Given information
== Segment start ==
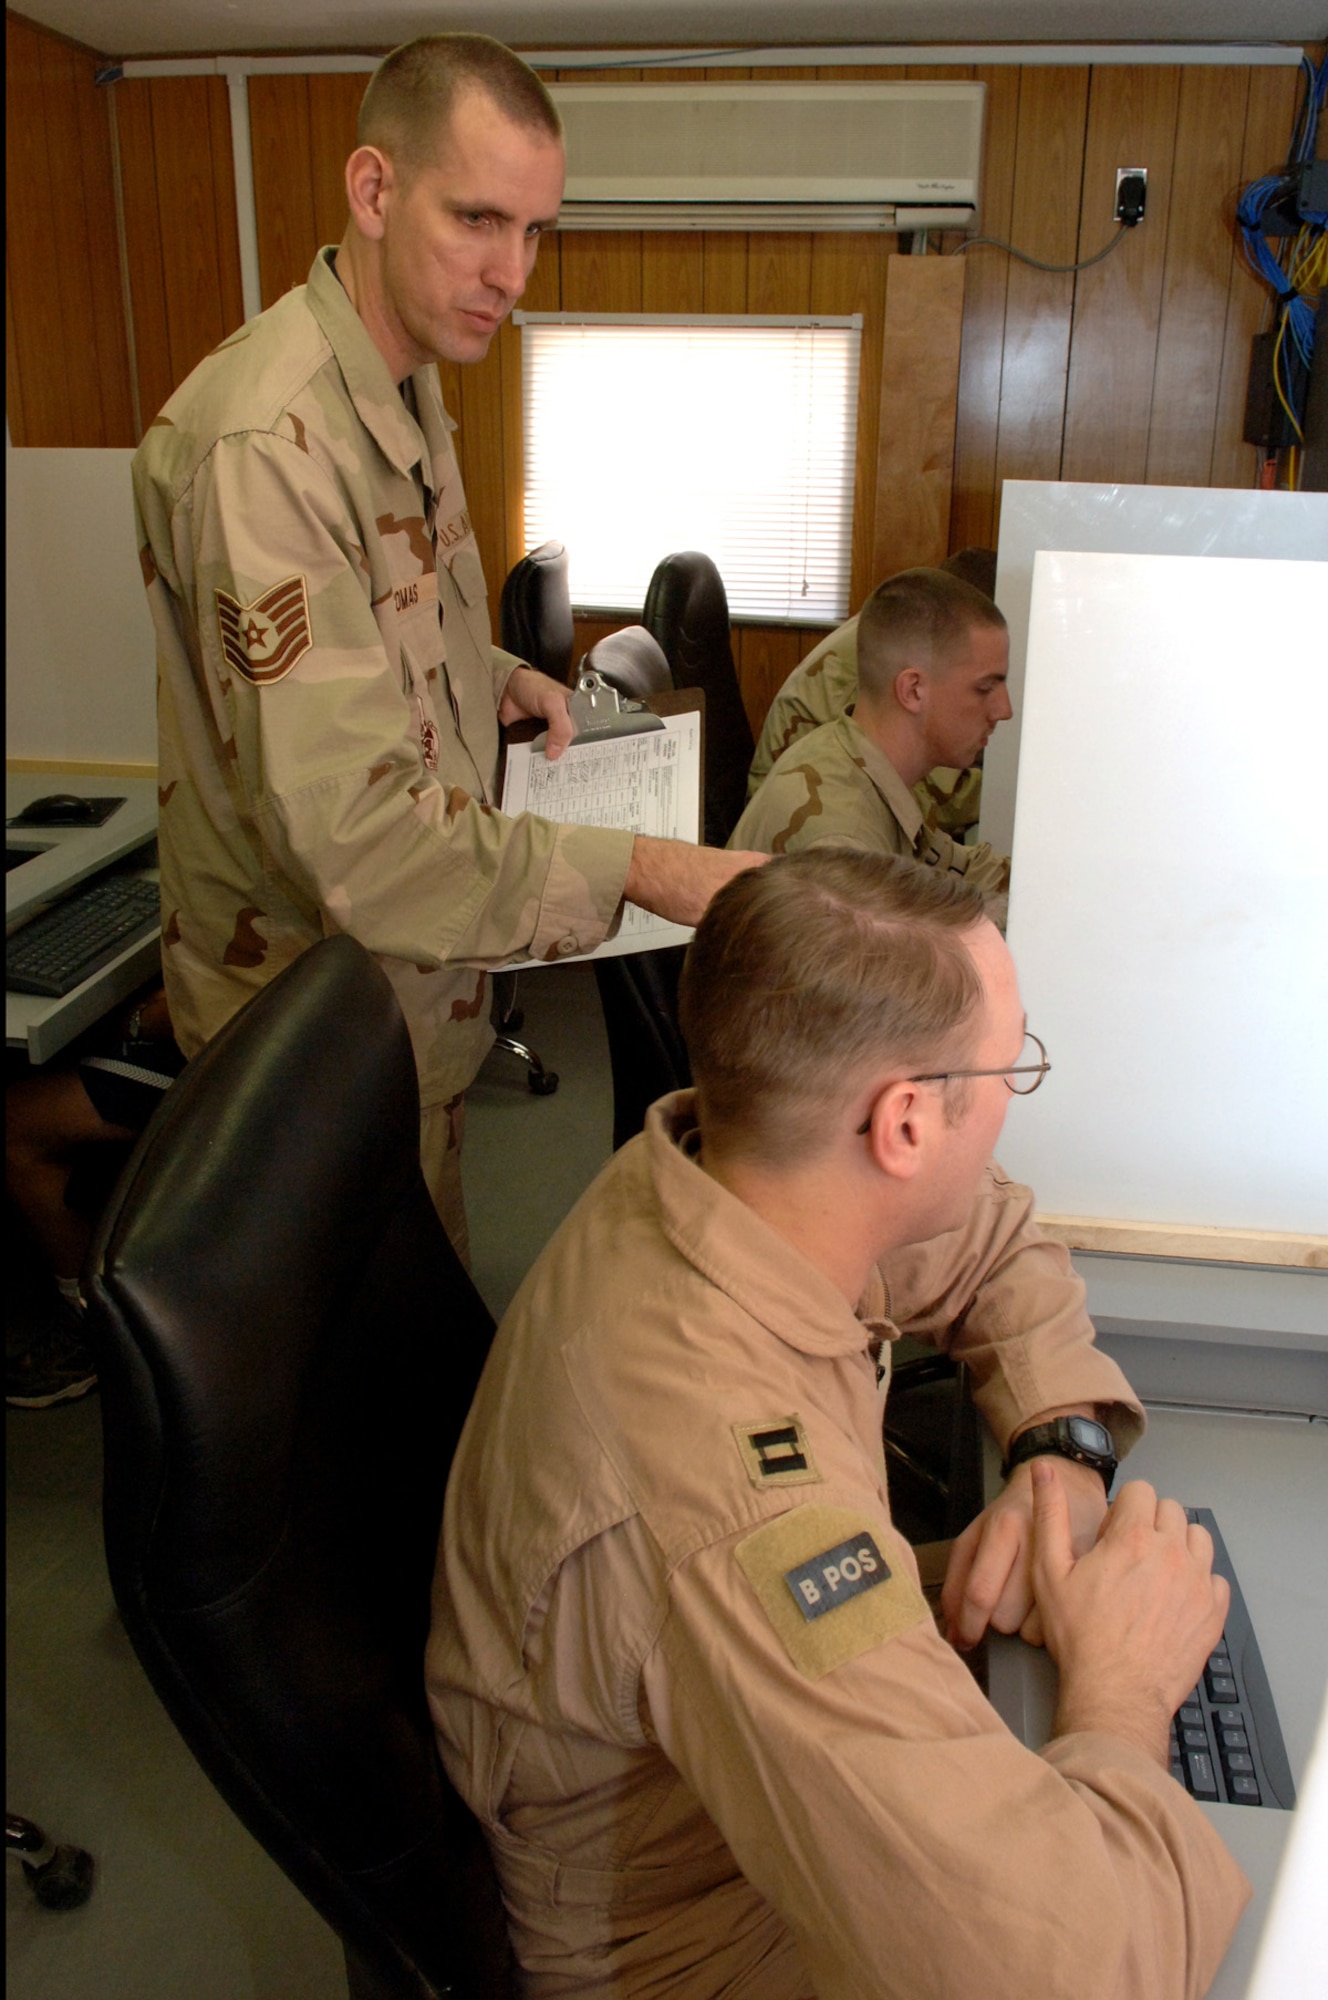 Tech. Sgt. Jack Thomas prepares 332nd Air Expeditionary Wing Airmen for a computer-based test at Balad Air Base, Iraq. He is the 332nd Expeditionary Services Squadron's test control officer. (U. S. Air Force photo/Staff Sgt. Michael R. Holzworth)
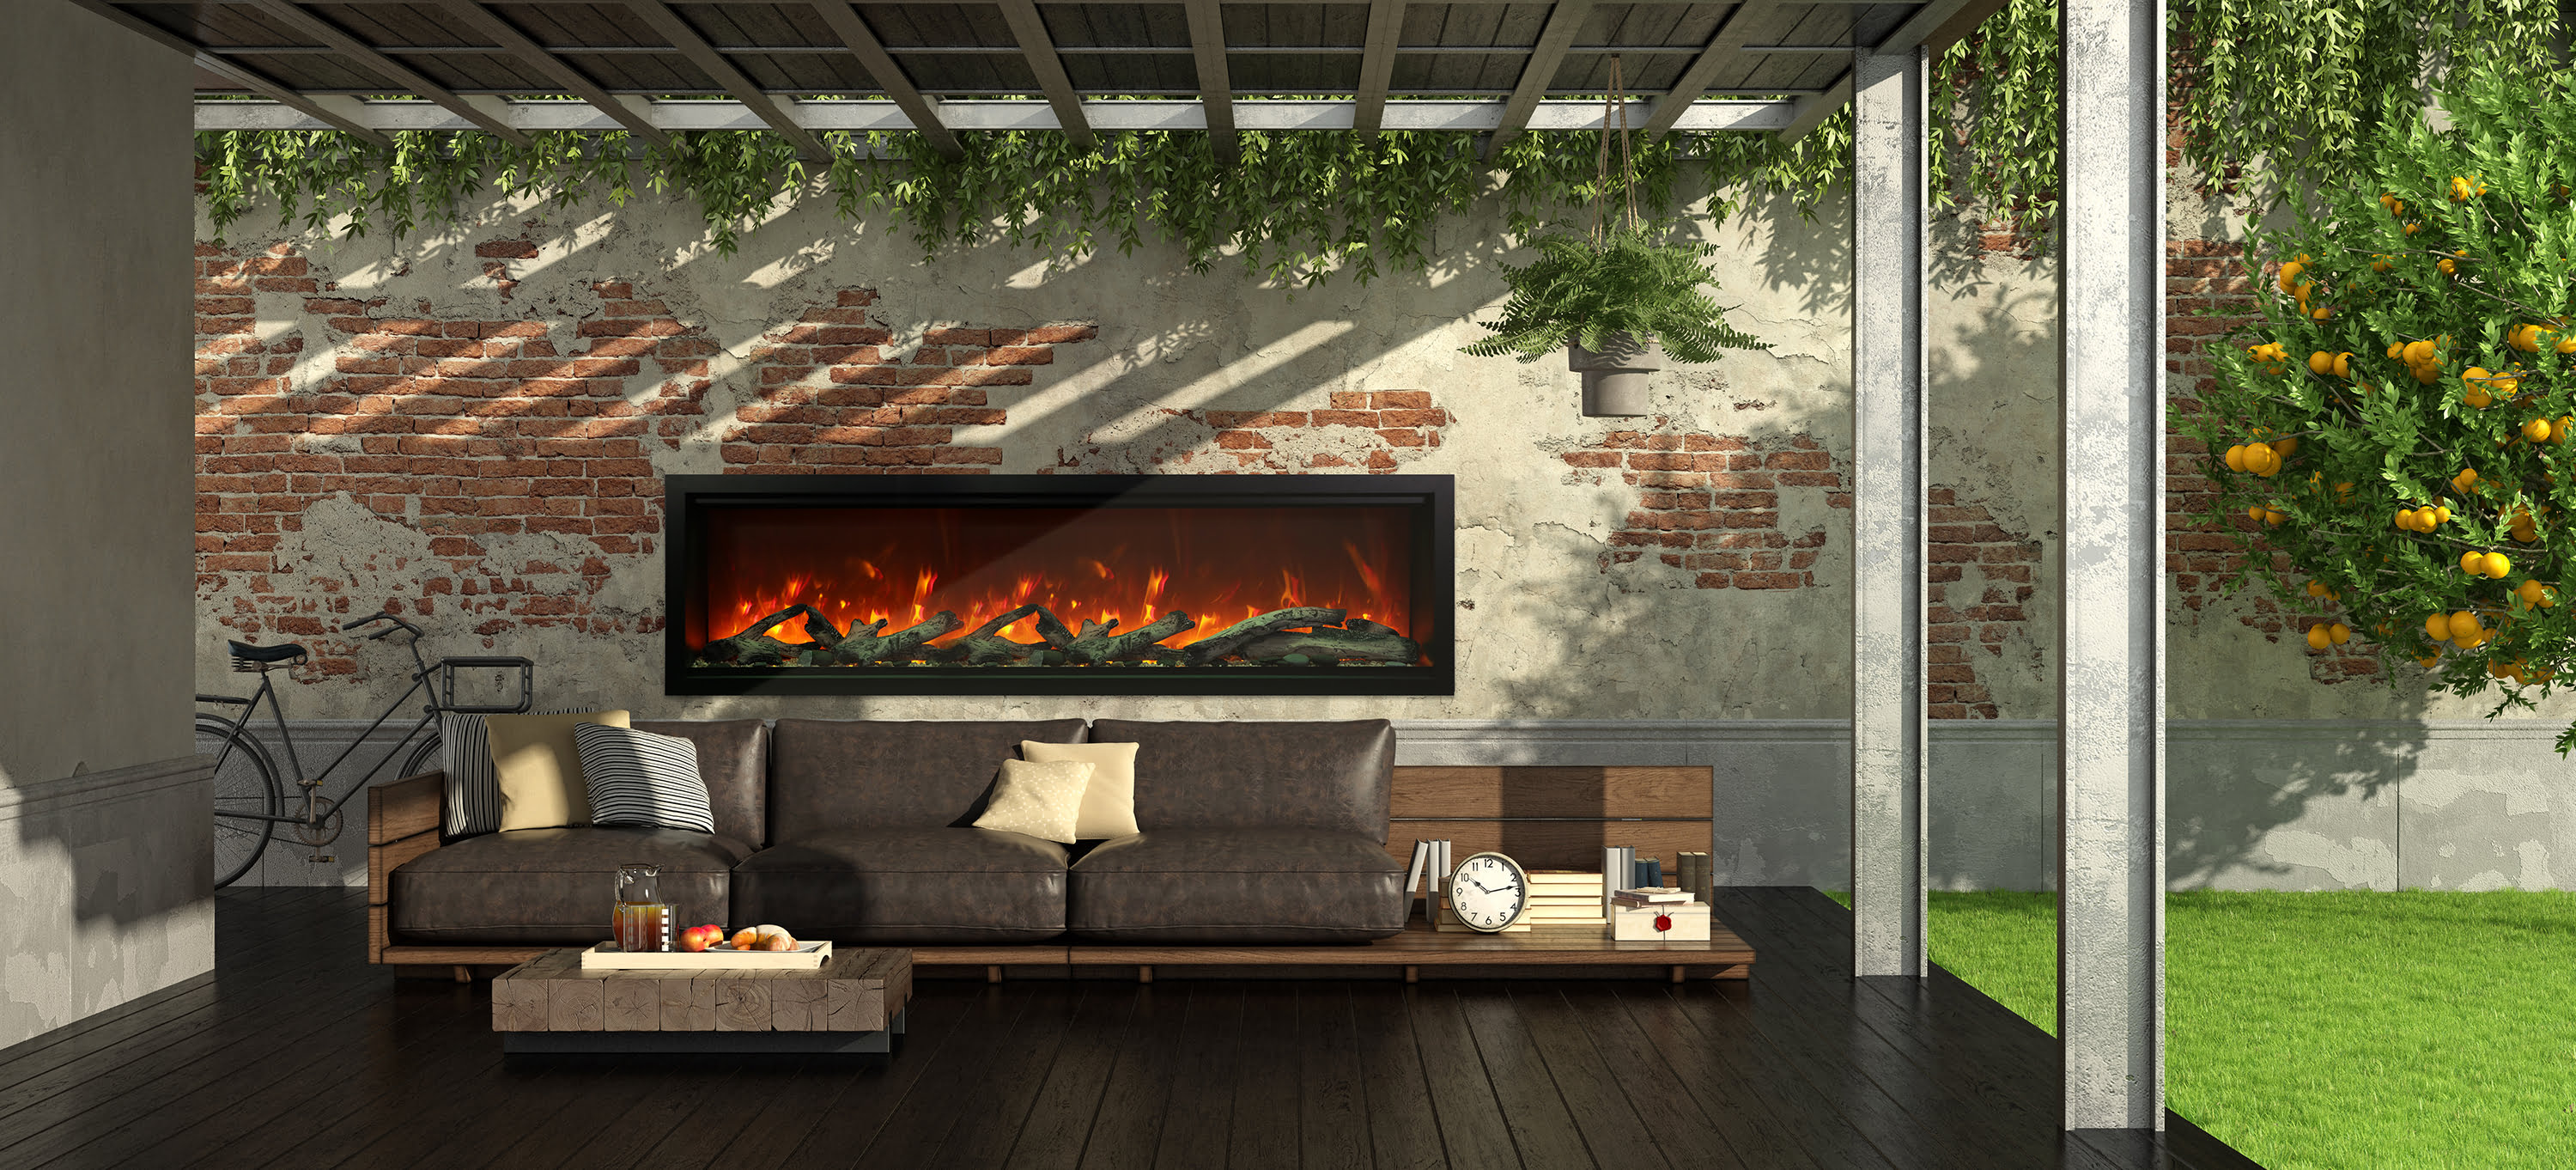 SYM XT electric fireplaces for outdoor home retreats
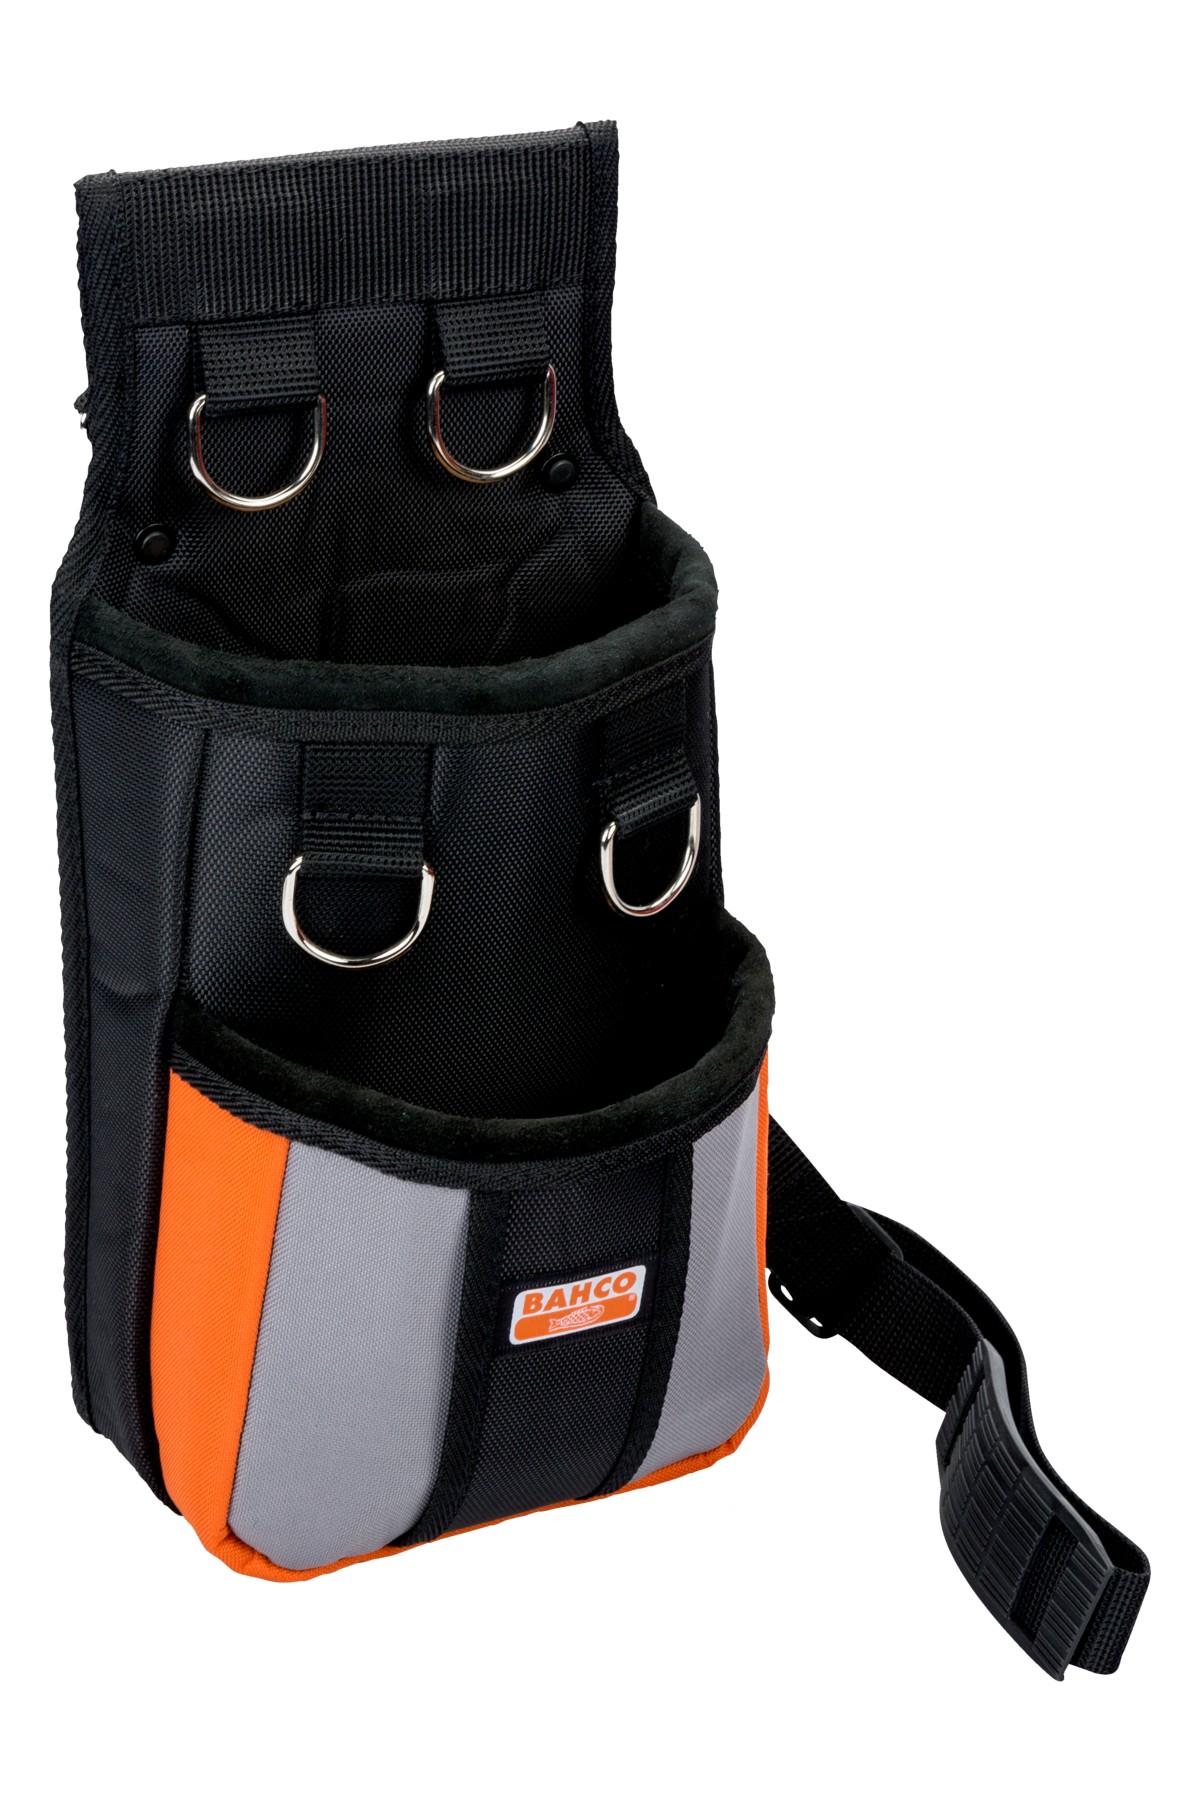 Pockets with 2 large compartments and 4 safety eyes for attaching a safety line
== Segment end ==
What the exercise asks
Reproduce exactly the lines from the one with "SYM XT electric" to the bottom of the listing, both ends included, and nothing else. Skip the pictures.

Answer to this task
 SYM XT electric fireplaces for outdoor home retreats
 Pockets with 2 large compartments and 4 safety eyes for attaching a safety line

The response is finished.